Kantor Dewan Perwakilan Rakyat Daerah Polewali Mandar.
Polewali.WartaAmperak==== Sebanyak 30 anggota DPRD sepakat akan melayangkan hak interpelasi kepada Bupati PolMan (Polewali Mandar). Pengajuan hak interpelasi itu dilakukan terkait diindahkannya rekomendasi penundaan tahapan Pilkades (pemilihan kepala desa) serentak dari DPRD oleh Pemkab PolMan. Selasa, 14/9/2021
Hal itu disampaikan, Ketua Komisi I DPRD PolMan, Lukman yang disetujui oleh 29 anggota dewan lainnya pada pelaksanaan rapat paripurna dengan agenda penetapan pembahasan rancangan Perda diluar Propemperda tahun 2021.

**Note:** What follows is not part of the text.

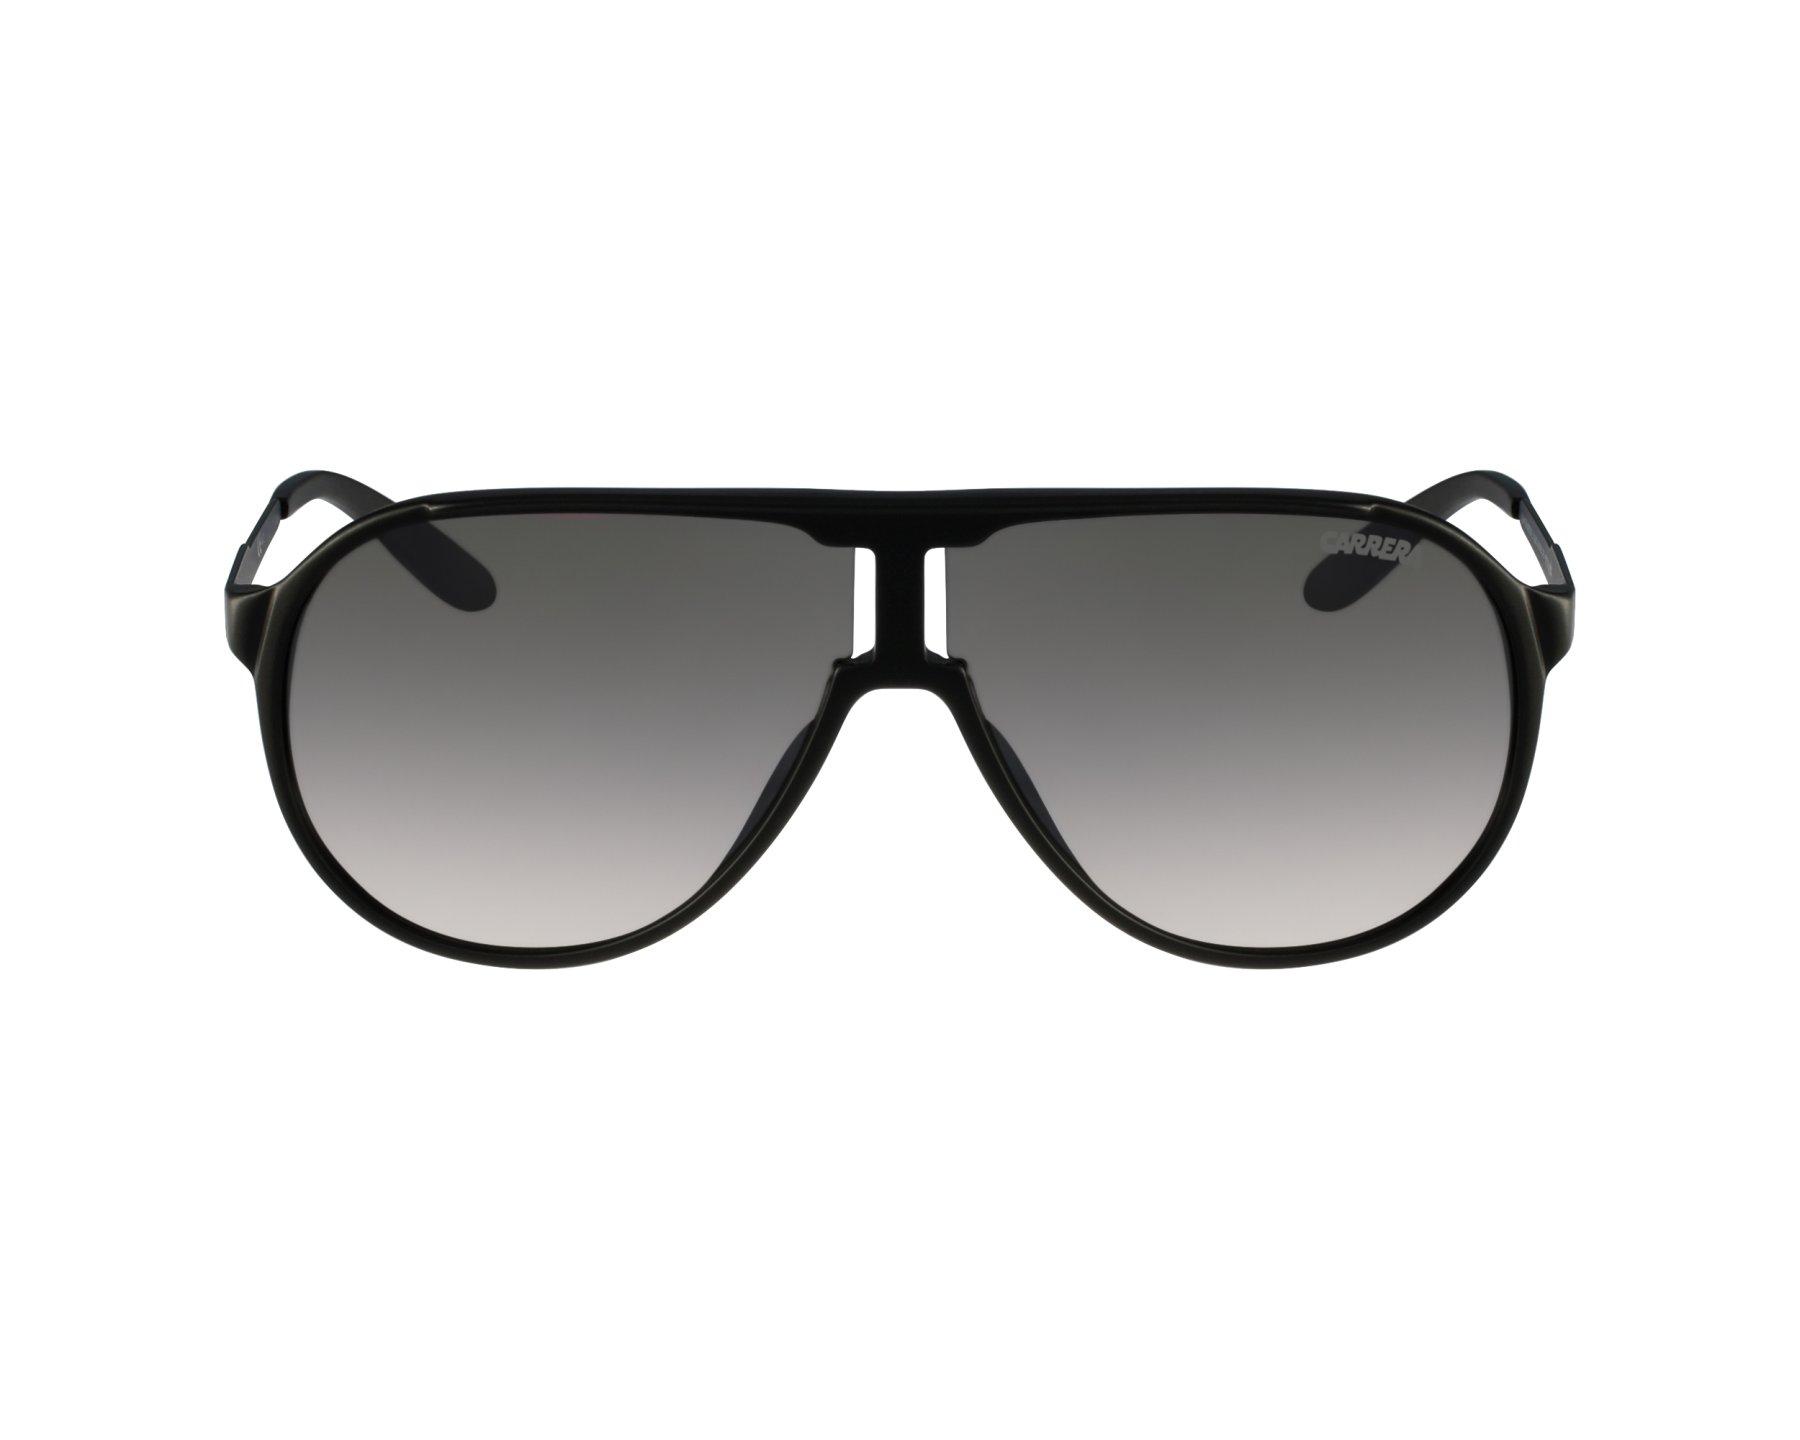 2da1b635e39 Carrera Sunglasses Champion Dl5 Y2 - Bitterroot Public Library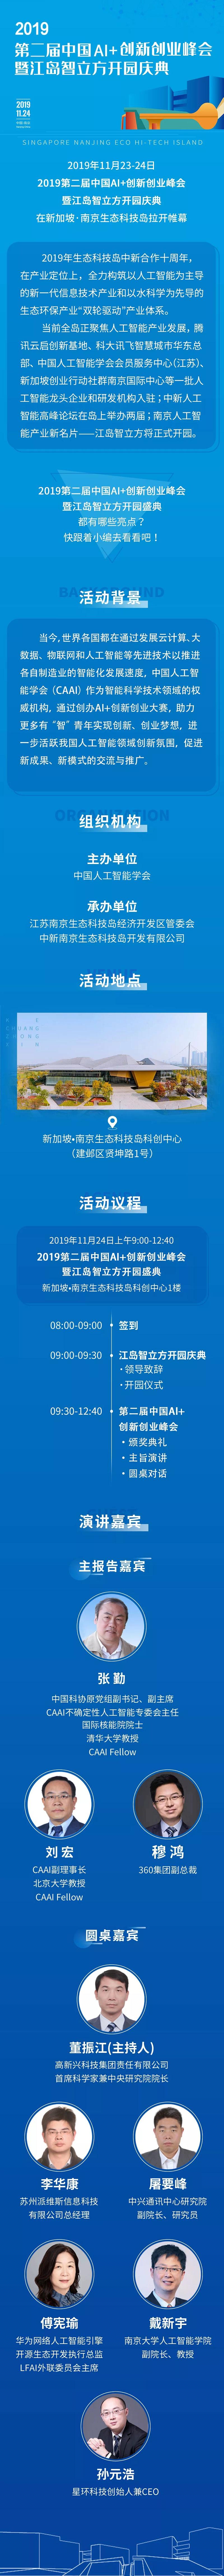 倒計時3天!2019第二屆中國AI+創新創業峰會亮點全揭秘

Terlepas dari agenda utama Rapat Paripurna DPRD, kata Lukman, kita usulkan penggunaan hak interpelasi terkait kebijakan pelaksanaan Pilkades serentak tahun 2021. Dan itu disetujui oleh 30 anggota DPRD yang bertanda tangan sebagai pengusul hak interpelasi. “Kami ingin meminta keterangan, penjelasan dari Bupati Polewali Mandar mengenai kebijakan Pelaksanaan Pilkades, terutama terkait kebijakan penetapan Peraturan Bupati (Perbup) tentang Pilkades tanpa adanya Perubahan Perda sebagai penyesuaian terhadap terbitnya Permendagri 72 tahun 2020,” jelas Lukman yang juga koordinator tim pengusul hak inisiatif.
Anggota Fraksi Demokrat, Rusnaedi mengatakan, rencana perubahan Perda Pilkades yang diinisiasi oleh DPRD ini memang menjadi sorotan banyak anggota. Terutama bagi pengusul hak inisiatif. “Usulan Perubahan Perda Pilkades ini kami yang inisiasi atas semangat agar proses Pilkades berlangsung demokratis, berkeadilan dan outputnya memiliki kepastian hukum sehingga dalam waktu bersamaan kami merekomendasikan kepada Bupati Polewali Mandar agar menunda pelaksanaan tahapan sampai perubahan Perda,” ungkap Rusnaedi. (Aco Metro).